ASCO 2016

Advaned RET-rearranged NSCLC

Dr Takashi Seto – National Kyushu Cancer Center, Kyushu, Japan
Dr Kiyotaka Yoh – National Cancer Center Hospital East, Kashiwa, Japan

TS: We found a rare mutation of RET by multiplex and FISH and then tried a phase II trial of vandetanib.

What kind of patients were you workig with?

TS: Lung cancer, adenocarcinoma. Enrolled patients were 19 patients however eligible cancer patients were 17.

Were there any markers for the patients?

TS: Screened by multiplex PCR and confirmed by FISH the rearrangement.

Were they EGFR positive or negative tumours?

KY: Our study is in EGFR negative patients in screening.

TS: We used LC-SCRUM, nationwide gene analysis system of LC-SCRUM, so found by LC-SCRUM and enrolled on this study.

Can you tell us more about the patient sub-type?

TS: CCDC6 and T5B [?] RET; we found ten T5B RET and six CCDC6 so the response rate was quite different between the two subtypes. So the response rate of CCDC6 is 83% compared to T5B RET was 20%.

Were there any toxicities associated with the treatment?

TS: Usually the common toxicity with vandetanib, not especially for this study.

Will you use these results in future trials?
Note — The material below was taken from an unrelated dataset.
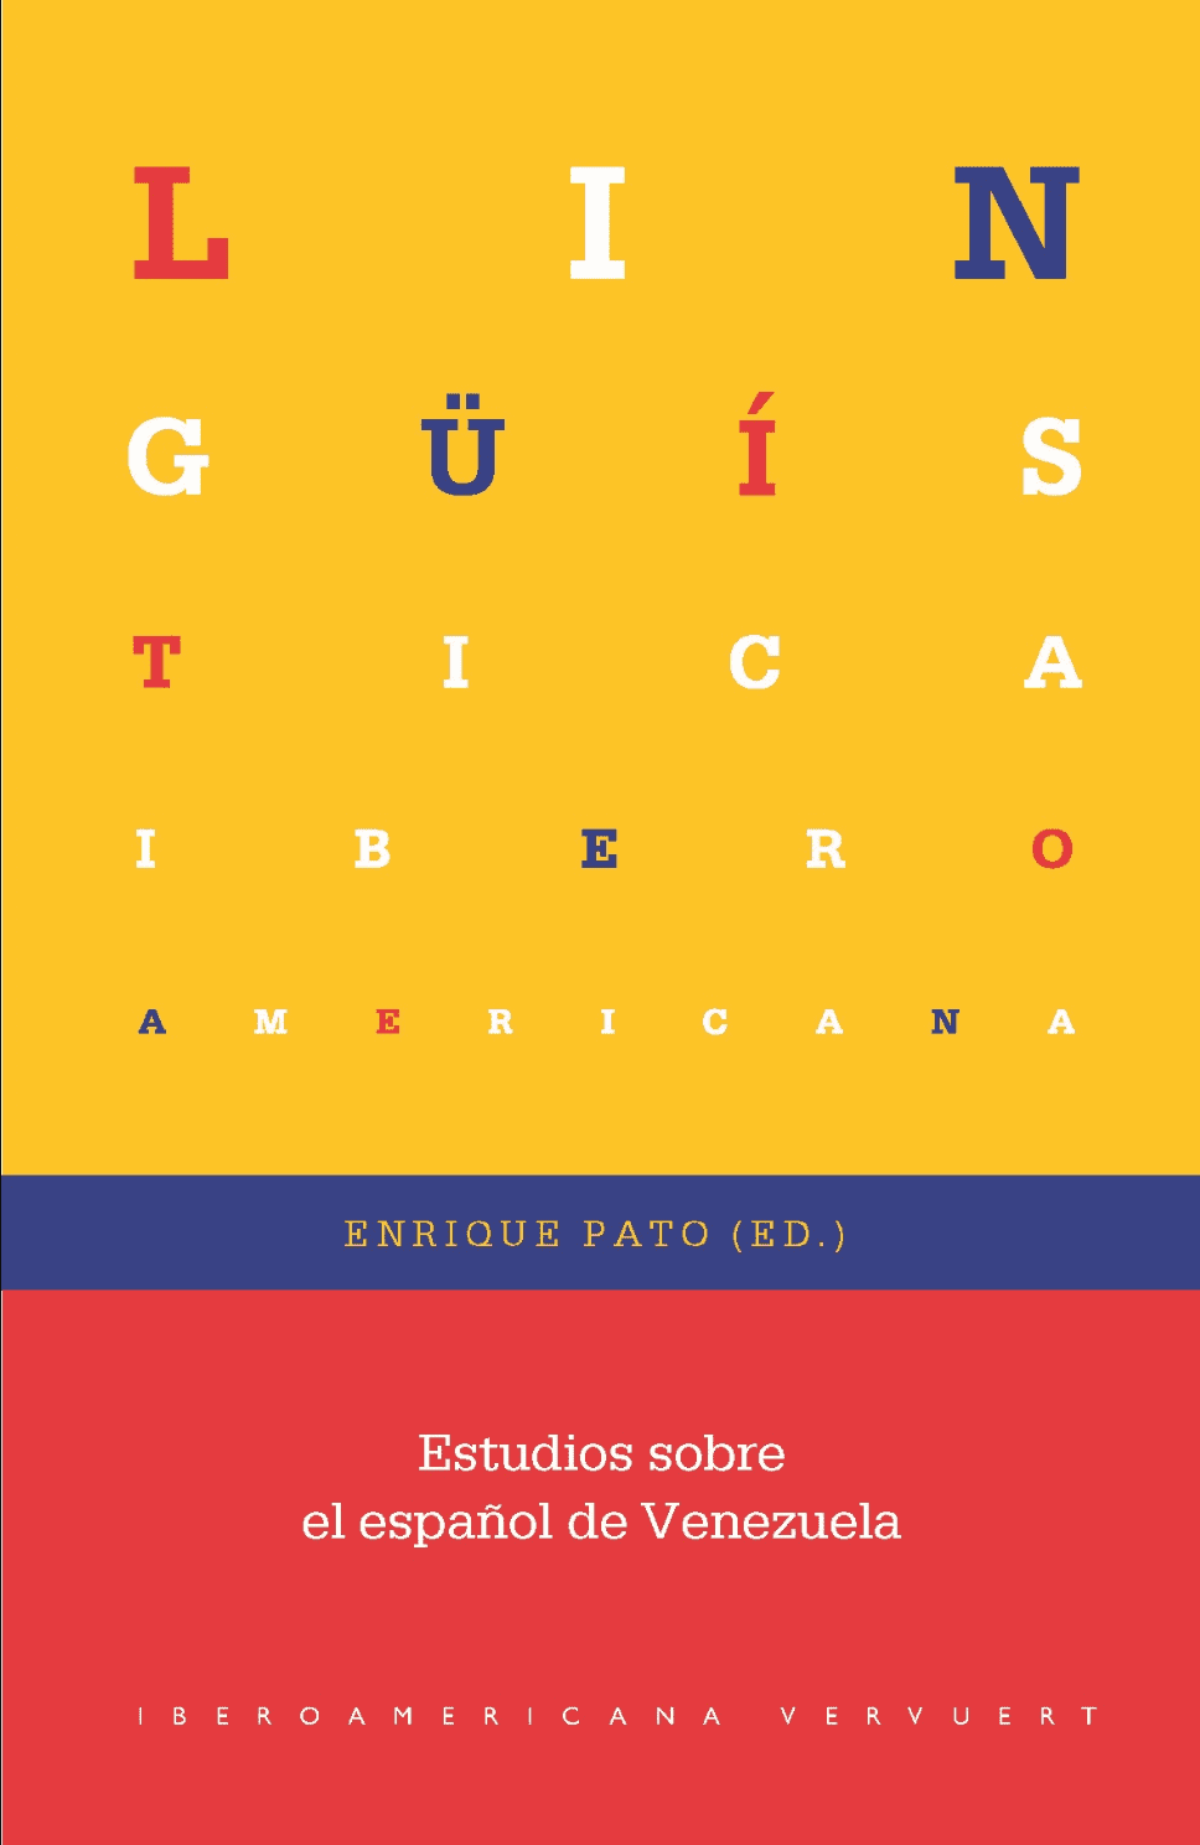 Enrique Pato (ed.) / Estudios sobre el español de Venezuela

KY: RET patients are a very rare population so a phase III trial for RET positive patients is difficult. Our study is a small number of patients, however, our result is consistent with preclinical studies and both with RET positive adenocarcinoma essentially. So our study defines RET rearrangement is a new molecular subgroup of non-small cell lung cancer suitable for targeted therapy.

TS: And LC-SCRUM, now LC-SCRUM using next generation sequencer to detect rare mutations so the next trial in Japan based on LC-SCRUM and now we’ve found the RET so move on to an alectinib trial.